__Task objective__. Exact copy, no pictures: output each line below as it stands.

__The data__.
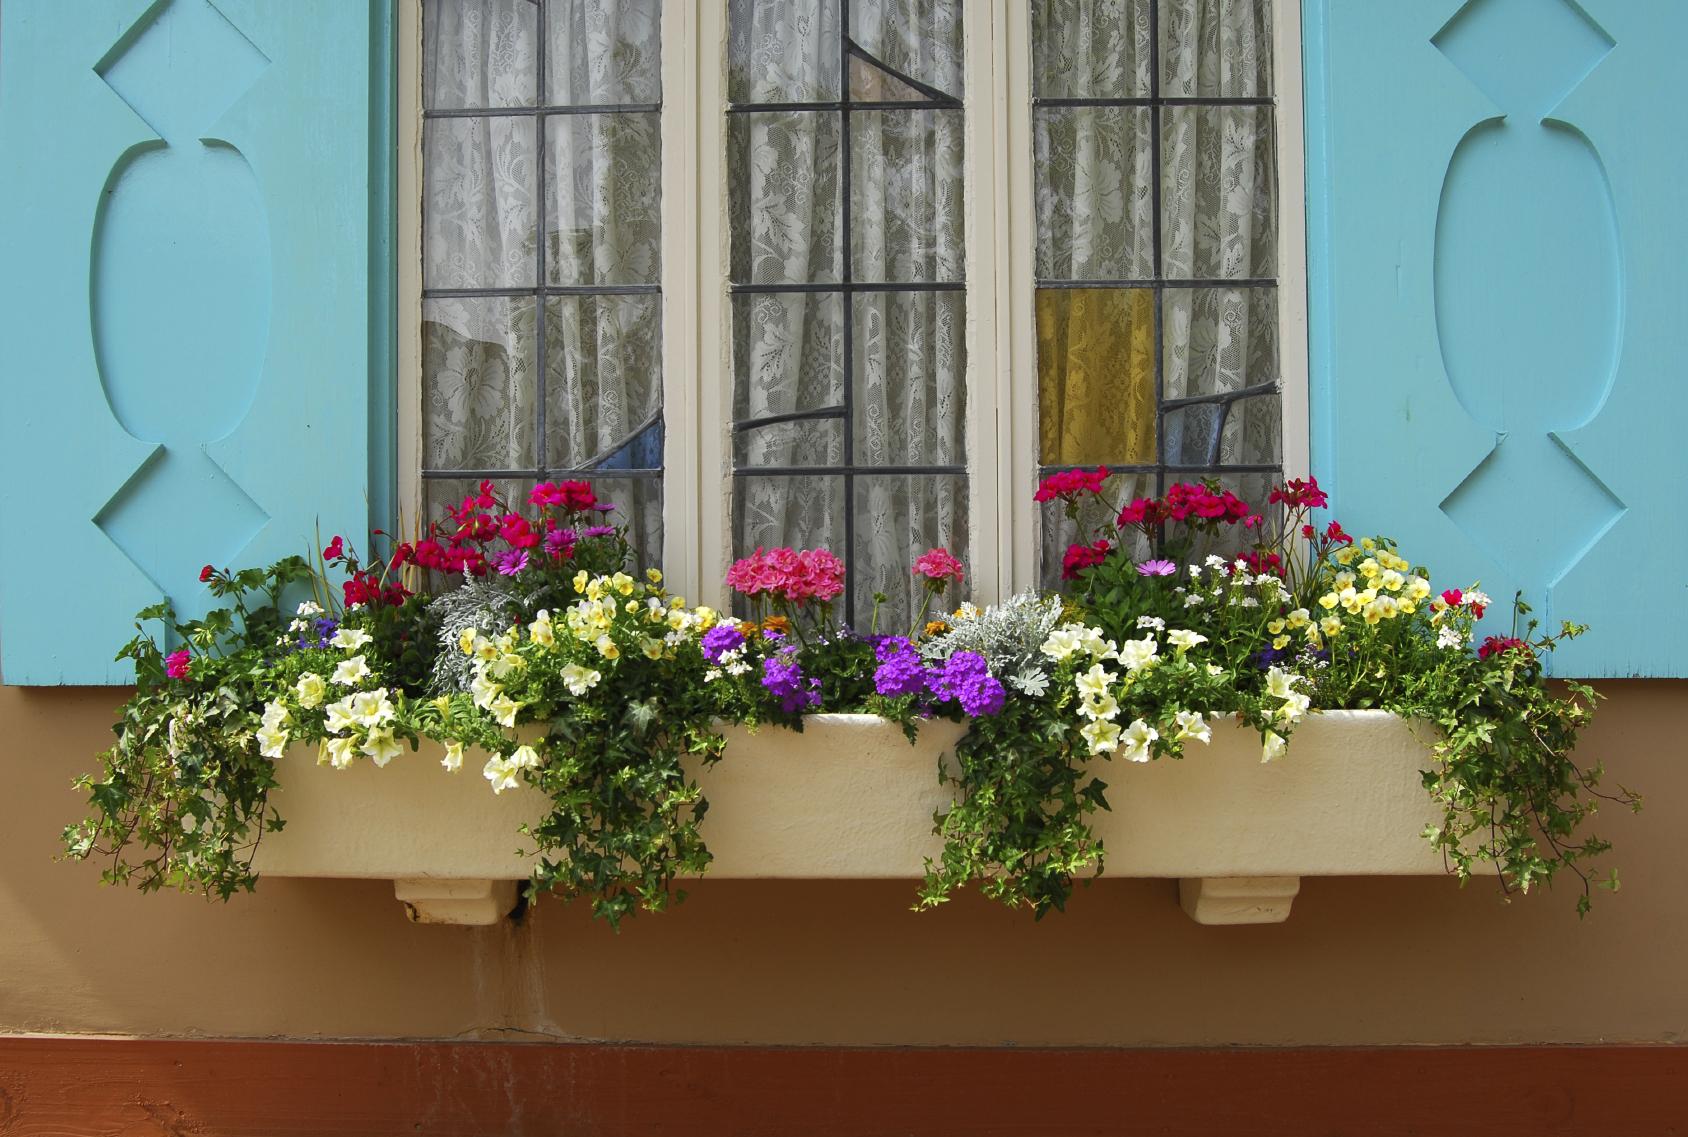 #643C23 Window boxes' jardines en tu ventana Univision 610 Janelas En Vidros
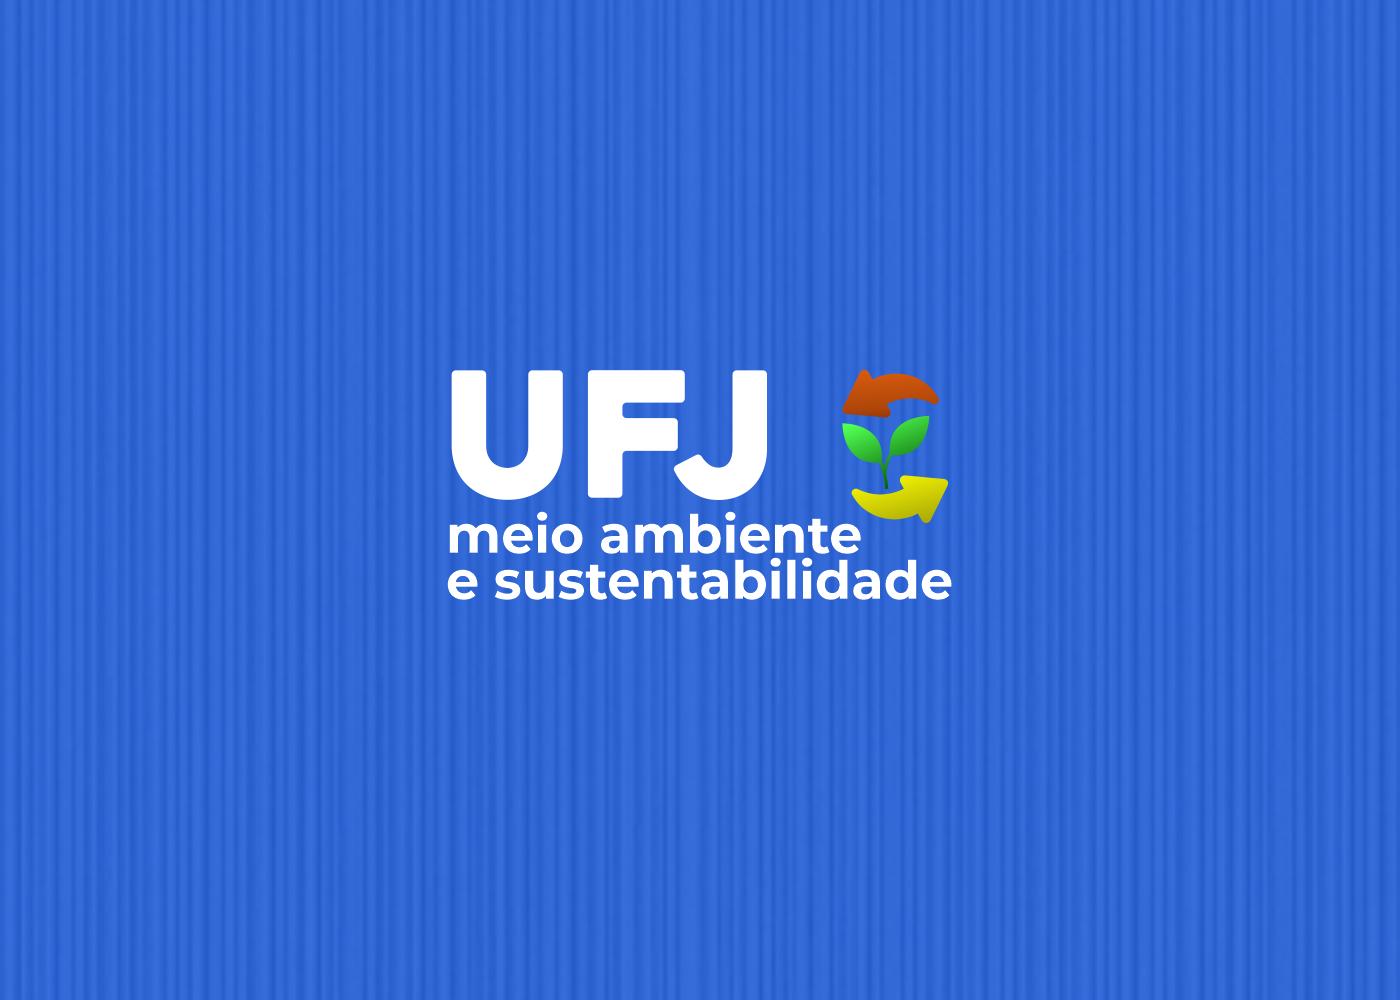 Logotipo UFJ meio ambiente e sustentabilidade
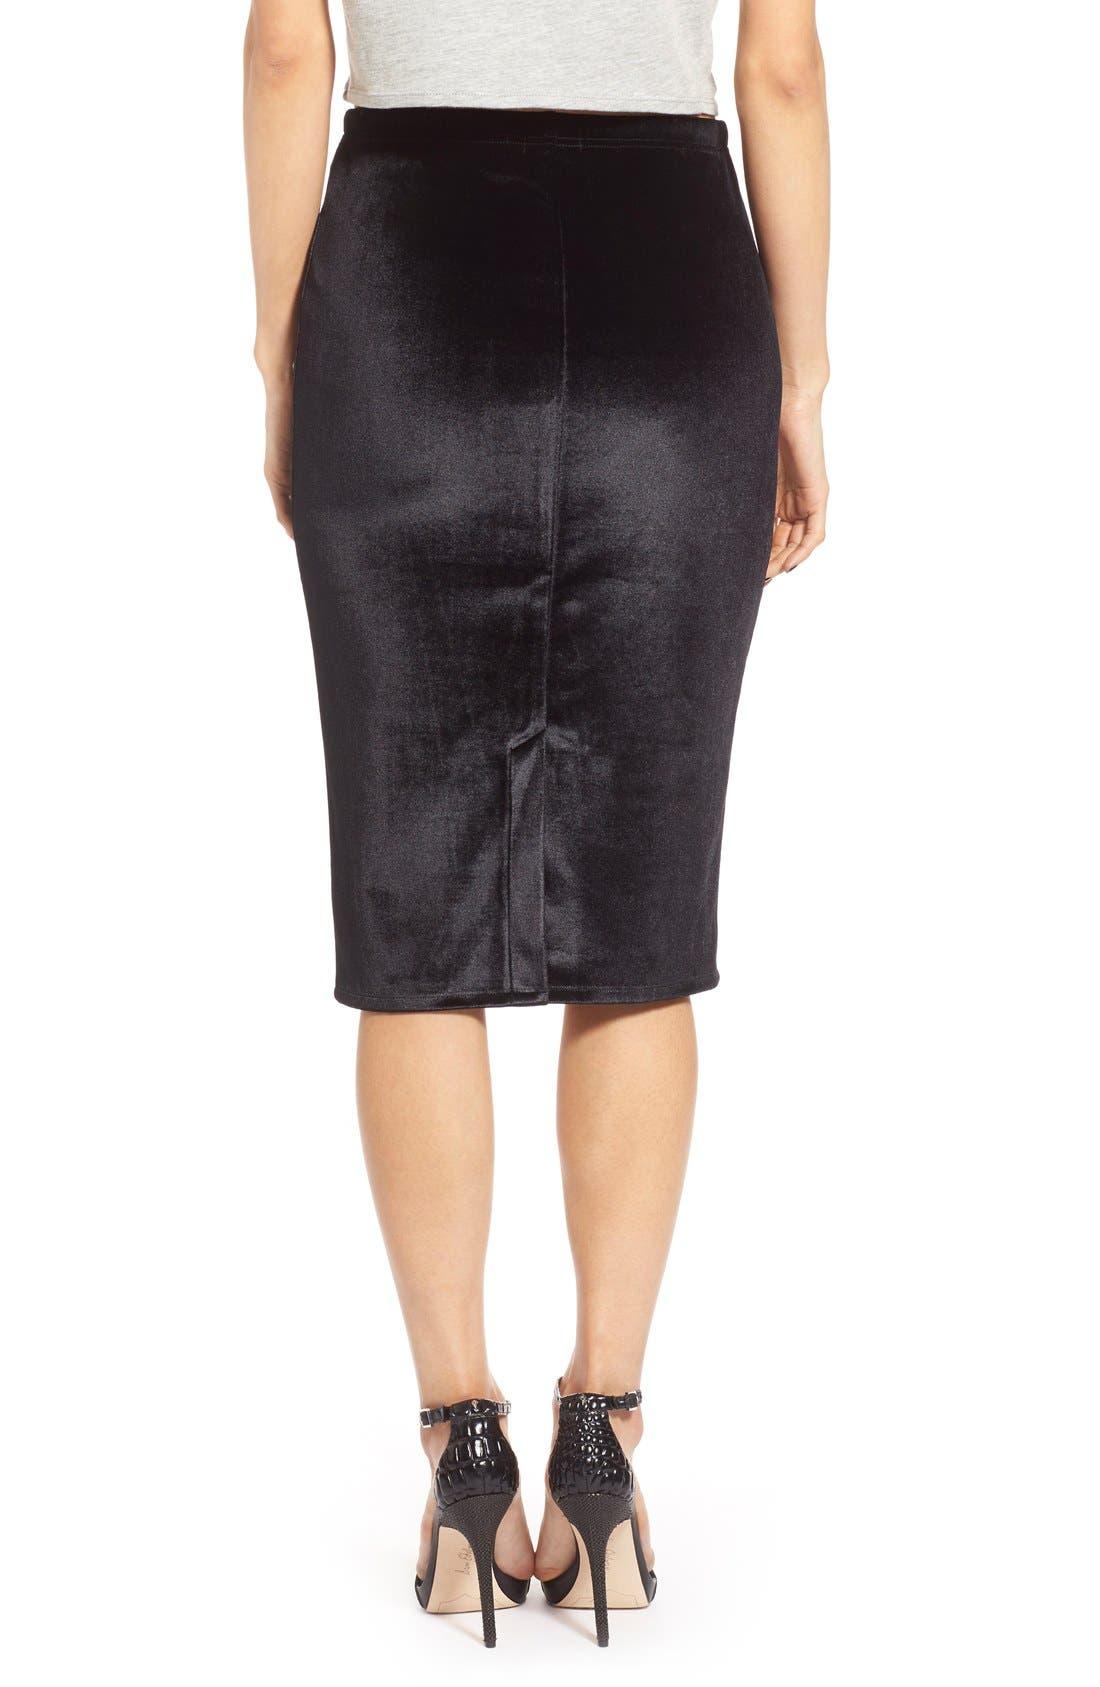 LEITH,                             Velour Pencil Skirt,                             Alternate thumbnail 5, color,                             001

__Reply__.
 #643C23 Window boxes' jardines en tu ventana Univision 610 Janelas En Vidros
 Logotipo UFJ meio ambiente e sustentabilidade
 LEITH,                             Velour Pencil Skirt,                             Alternate thumbnail 5, color,                             001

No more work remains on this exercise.